L’anthropologue et économiste David Graeber publie « Bullshit Jobs ». Une enquête, donc, sur les « jobs à la con ».
« On nous raconte que le capitalisme n’est pas un système très joli, qu’il crée de la misère et de l’aliénation. Mais au moins, nous dit-on, il est efficace. Ce serait même le meilleur système jamais pensé. Et moi je l’ai cru aussi. Et puis j’ai rencontré beaucoup de gens qui m’ont dit : je ne fais rien toute la journée à mon boulot. Je me suis même rendu compte que 37% à 40% des gens sentent que leur métier n’a pas besoin d’exister. Le système est vraiment complètement délirant ».
Enseignant en Anthropologie et en Économie à la London School Economist, grande voix de l’Occupy Wall Street (mouvement de contestation pacifique dénonçant les abus du capitalisme financier), David Graeber vient de publier, aux Éditions Les liens qui Libèrent, son enquête Bullshit Jobs, qui raconte ces métiers qui, comme leur appellation l’indique, s’avèrent être de véritables jobs à la con.
« Job à la con », et non pas « job de merde », précise David Graeber. Car contrairement aux « jobs à la con », les « jobs de merde », comme on qualifie ces jobs souvent mal payés, où les gens sont humilités et déconsidérés par la société, sont le plus souvent les emplois les plus utiles et les plus nécessaires à la société.

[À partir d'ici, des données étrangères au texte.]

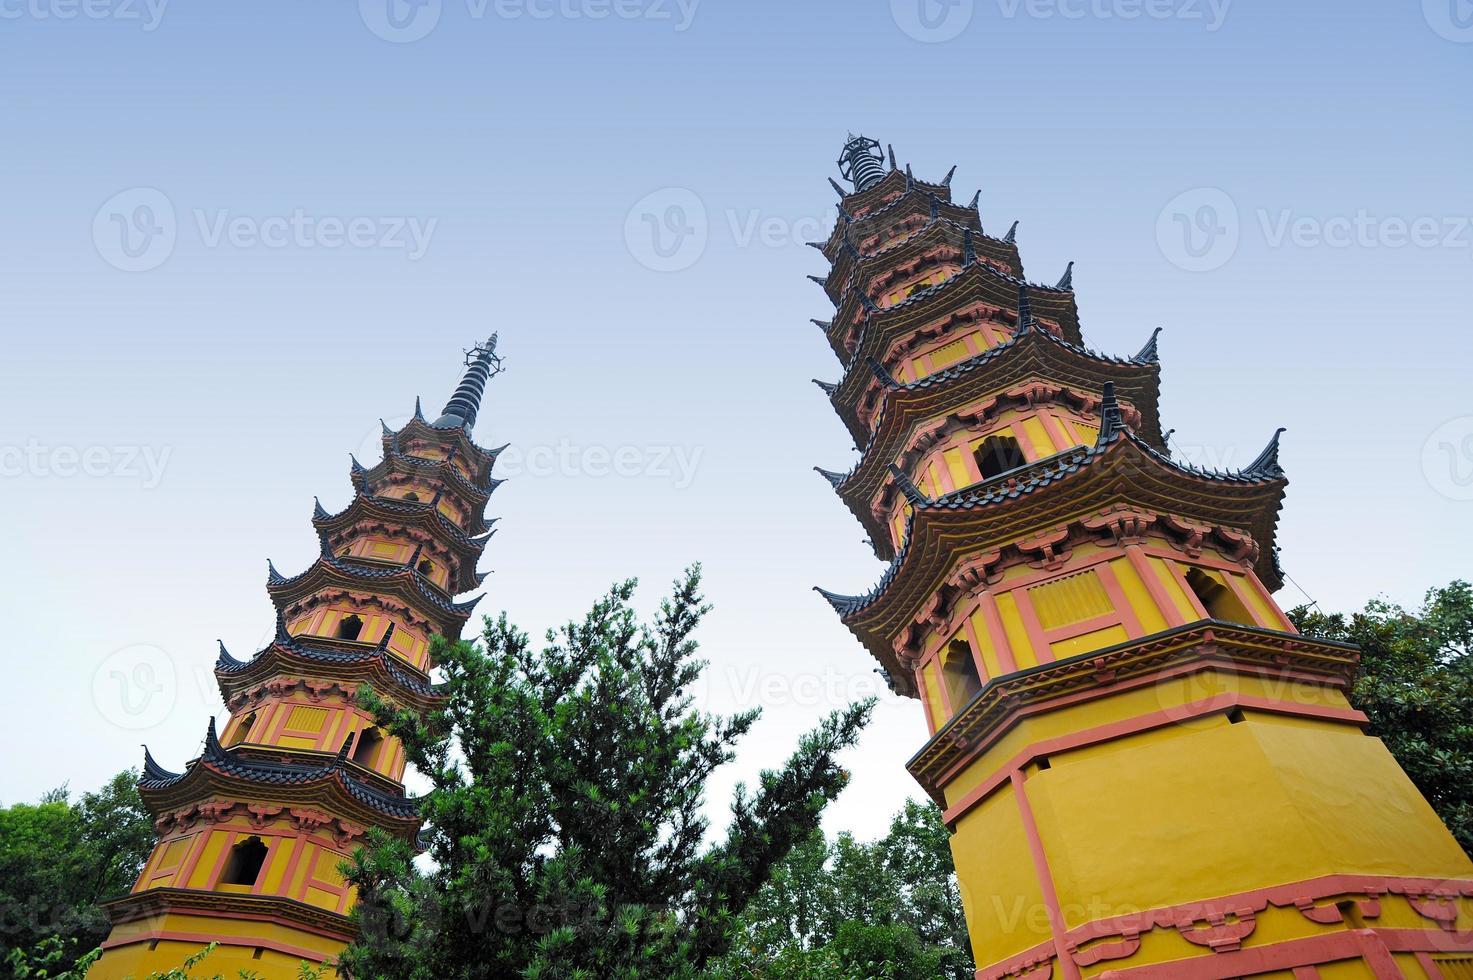 pagodas gemelas budistas en suzhou - china foto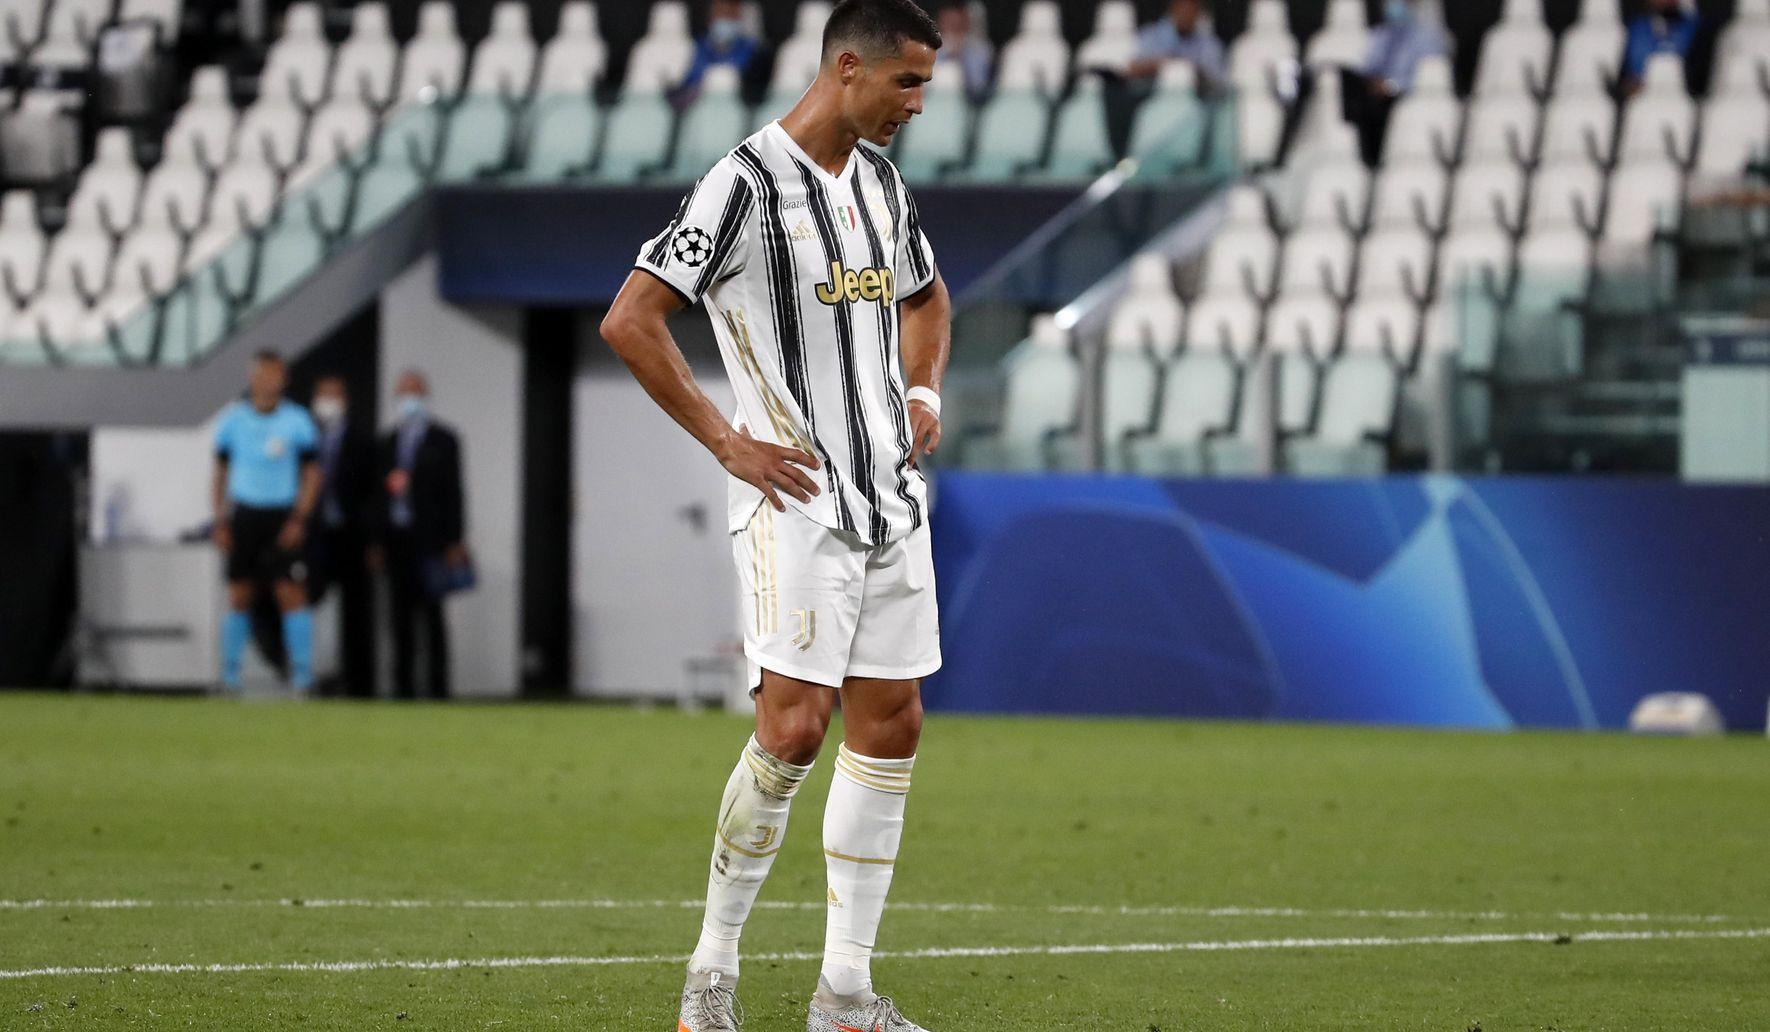 Italy_soccer_champions_league_20130_c0-229-5472-3419_s1770x1032

Plus il est difficile d’expliquer aux autres ce que vous faites au travail, plus il est probable que votre travail soit, en effet, un job à la con
David Graeber : « Il y a une différence très nette entre la façon dont votre emploi bénéficie aux autres et la façon dont vous êtes payés. Plus vous aidez le monde, moins vous êtes payés. On nous enseigne effectivement qu’il n’y a pas de superflus dans le capitalisme, et qui out job inutile aurait, normalement, été nécessairement supprimé. Or, ce n’est pas le cas. Certaines personnes, le plus souvent ceux qui ont le plus de gens sous leur responsabilité, n’effectuent dans les faits aucun travail véritable. »
Le plus souvent, l’employé lui-même, nous dit l’anthropologue, a la sensation que si son travail disparaissait du jour au lendemain, cela ne ferait aucune différence. Le monde pourrait même être un peu mieux.
Il poursuit. « Si vous écrivez, par exemple, des rapports que personne ne lit, vous effectuez probablement un emploi à la con, sans même le savoir. Et personne ne viendra vous le dire, puisque celui-ci sera souvent très bien payé. En fait, plus il est difficile d’expliquer aux autres ce que vous faites exactement au travail, plus il est probable que votre travail soit, effectivement, un job à la con. »
David Graeber était l’invité d’Armel Hemme, dans la Matinale de Nova.